While it is possible that someone at some point may come up with a better explanation than my community narrative to explain how some people succeed, I hope that what I propose at the very least helps move a few people from the previous bootstraps narrative—an ill-advised narrative, for a multitude of reasons.

A Return to Blog Advice: On Blogging About Topics Different from Your Blog’s Original Focus

When I started writing blog posts about blogging advice, I didn’t necessarily anticipate it getting interrupted on multiple occasions due to choosing to write more about how I am faring and how my part of the world is faring with a global pandemic. But alas, it happened.

And the fact that things have happened in the way they have over the past couple of years (as well as the fact that this blog wasn’t designed originally with the intention of writing any sort of blog advice) made me think of how many bloggers often end up blogging on topics different from their blog’s original focus.

Let me start by saying that if you have a personal blog as opposed to a business blog, you theoretically can blog on just about any topic you want to. I can theoretically blog about gardening[1] and a blogger who has a blog focused on gardening can theoretically write a post about basketball.

However, some of us, myself included, have blogs that were at least originally designed with a particular focus in mind. Therefore, for people like me, there is a valid question that comes to mind: If our blog was designed to focus on a particular topic, should we even allow ourselves to blog on topics different from the original focus?

If you’re looking for a definitive answer from me, you won’t get one in this post. Instead, what you’ll get is a few questions to keep in mind before deciding:

  1. Are you passionate about the topic you want to blog on? If the answer is yes, even if the topic is on something different from your blog’s focus, then you are off to a good start.
  2. What is the purpose of writing on the topic you plan to discuss in the blog post? Note here that the purpose can be to help others or yourself in some way. However, if you have no purpose for writing a blog post that veers from the main focus of the blog, then you should ask yourself why you’re even going off-topic from your typical focus.
  3. Are you worried about whether your readers will be interested in what you have to write about? If your blog has/had a particular focus, some of the readers subscribed to your blog likely subscribed because they were interested in the topics you blog about. If you start blogging about topics different from what readers came to your blog for, there is a chance you might lose subscribers. If you are not at peace with that possibility, then you should think long and hard about whether you want to blog on a topic different from the blog’s original focus.
  4. If you happen to have any sponsors for your blog, do those sponsors want you to blog a certain amount on certain topics? This is not something that I, or most other bloggers, have to worry about because most of us don’t have sponsors. But if you have a sponsor, you will want to really make sure that you don’t have a sponsor that requires you to blog a certain amount on the blog’s focus (and if you do, then make sure that you fulfill your sponsor obligations if you don’t want to lose your sponsorship).

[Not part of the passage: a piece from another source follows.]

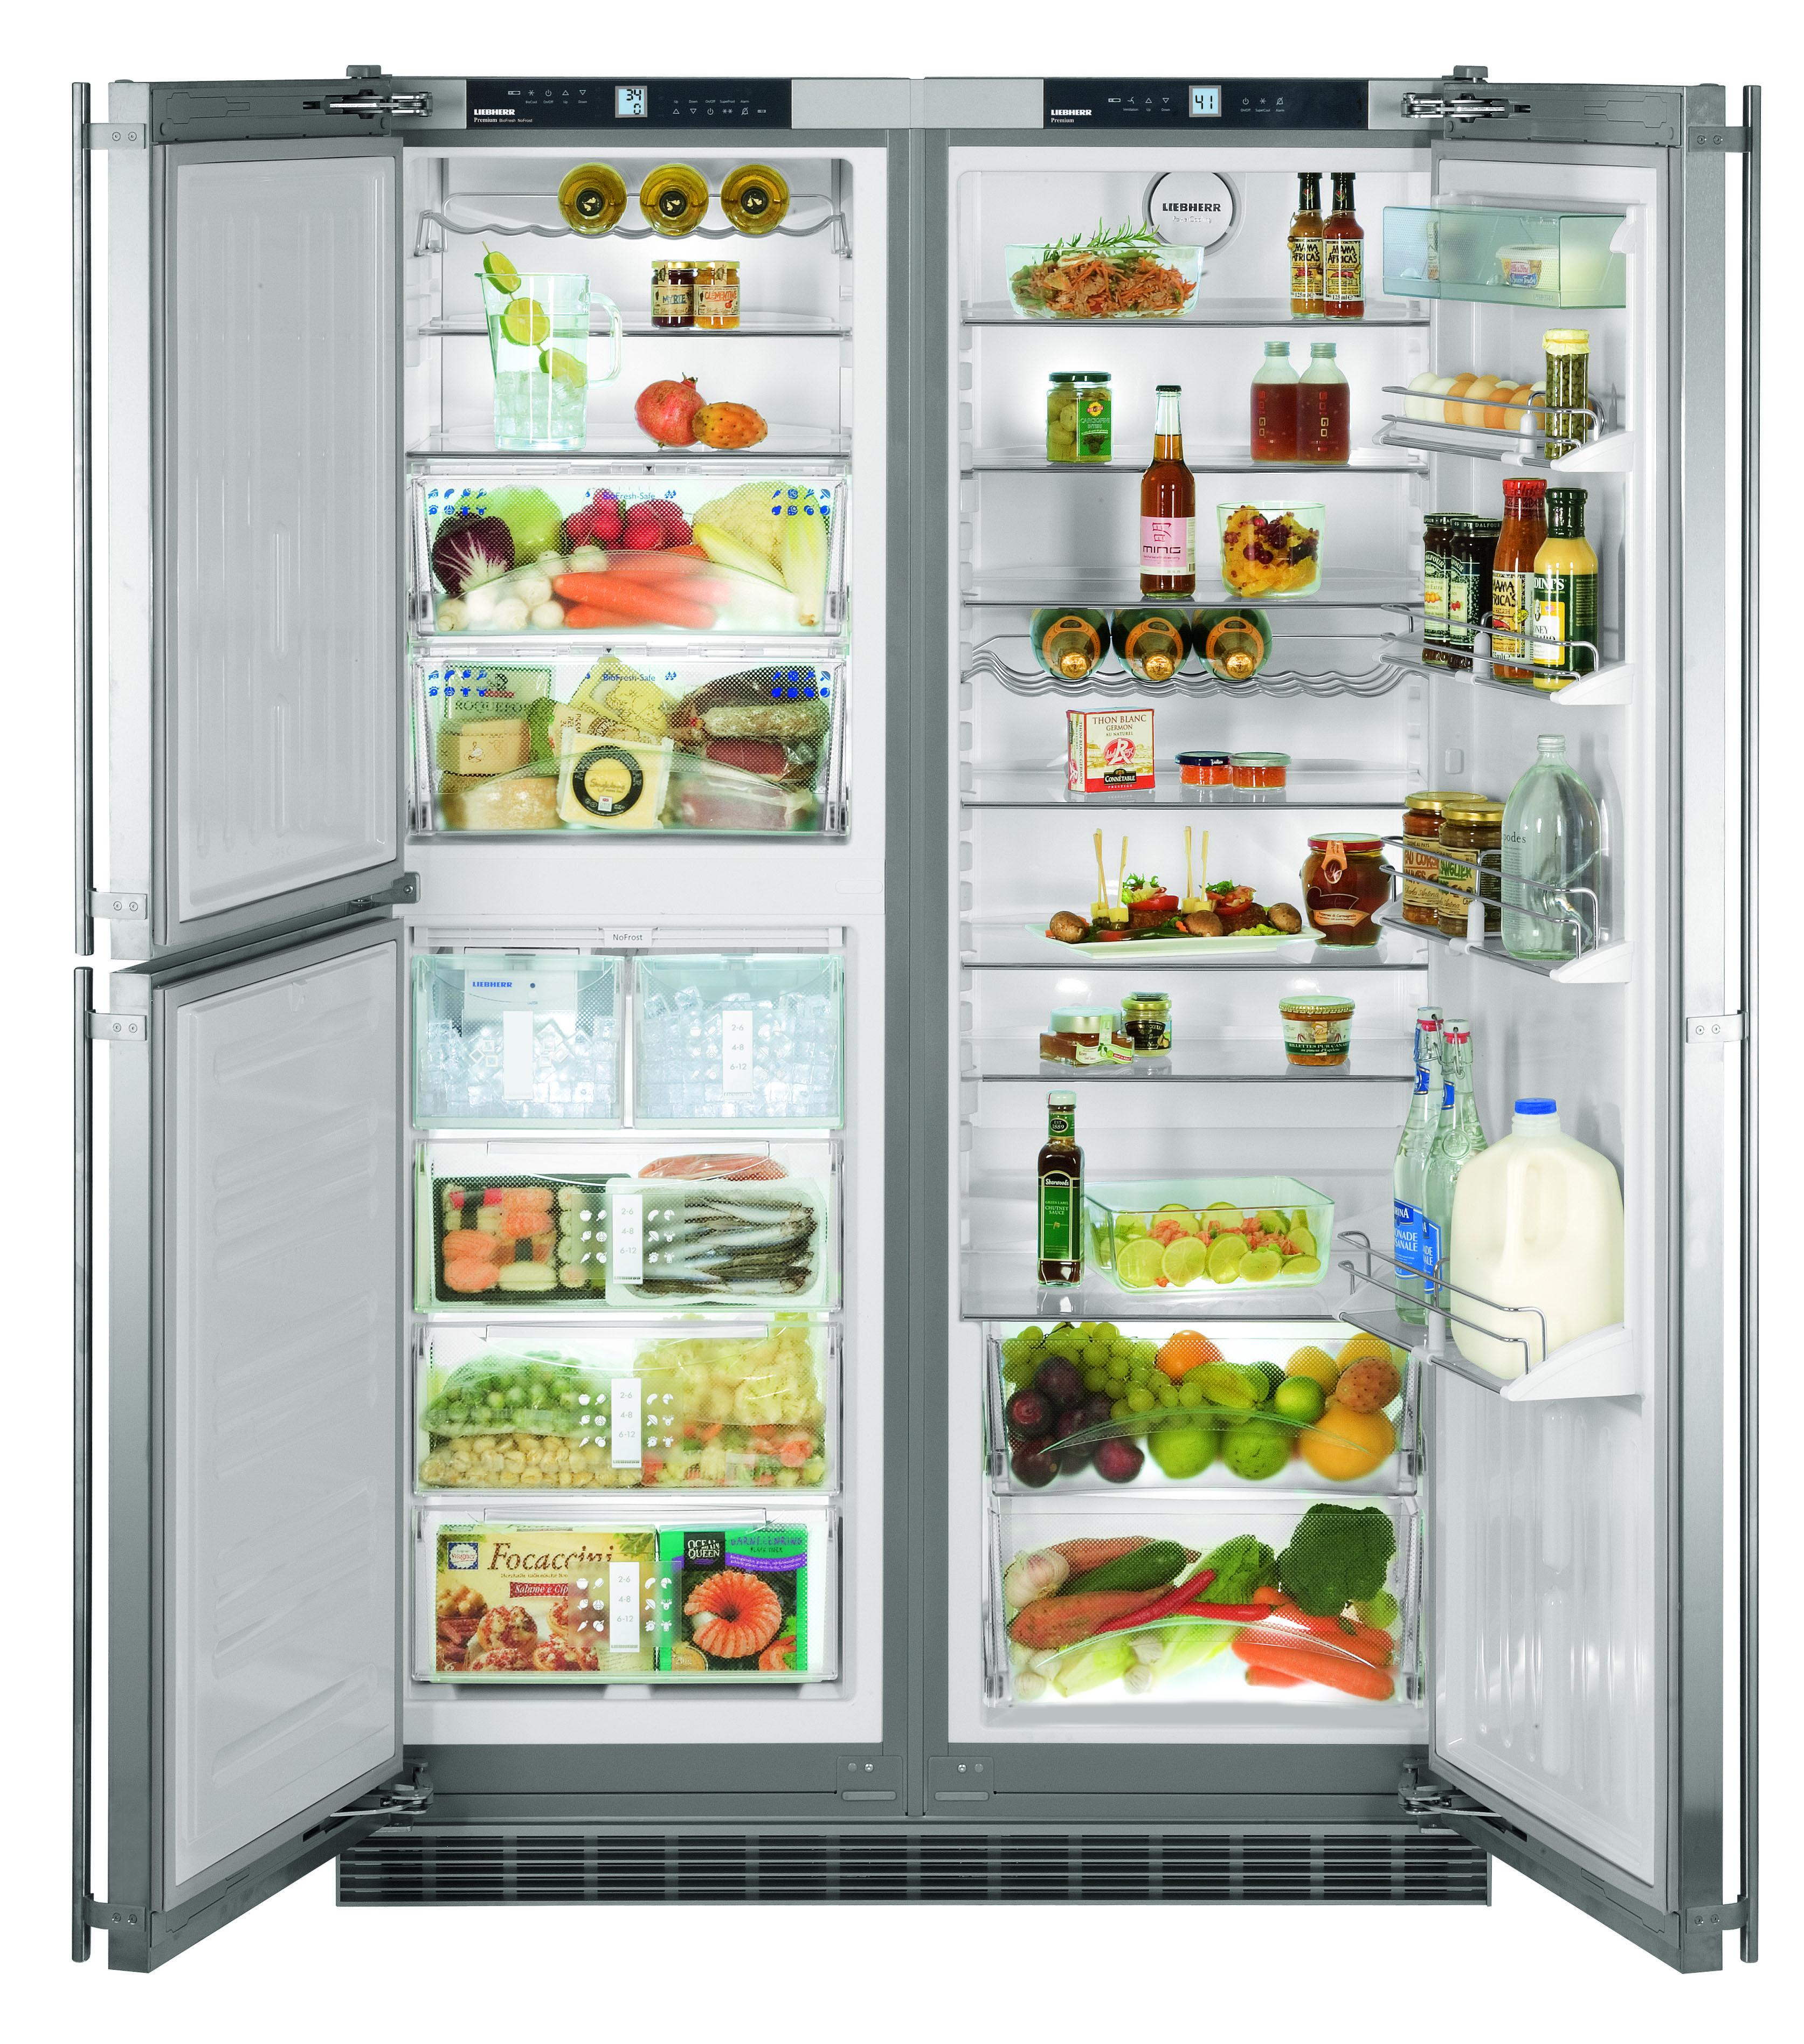 48 builtin liebherr sbs 241 kitchen appliances

Ultimately, all the questions I raise here come back to one fundamental question: If you blog on a topic from your blog’s main focus, will you be a happy blogger? If so, you can be a social justice blogger who talks about gardening, a gardening blogger who talks about basketball, or a basketball blogger who talks about history—letting your imagination run wild, in the best of ways, in the process.


[1] I actually know very little about gardening, so the chances of this happening are unlikely, at least at the moment.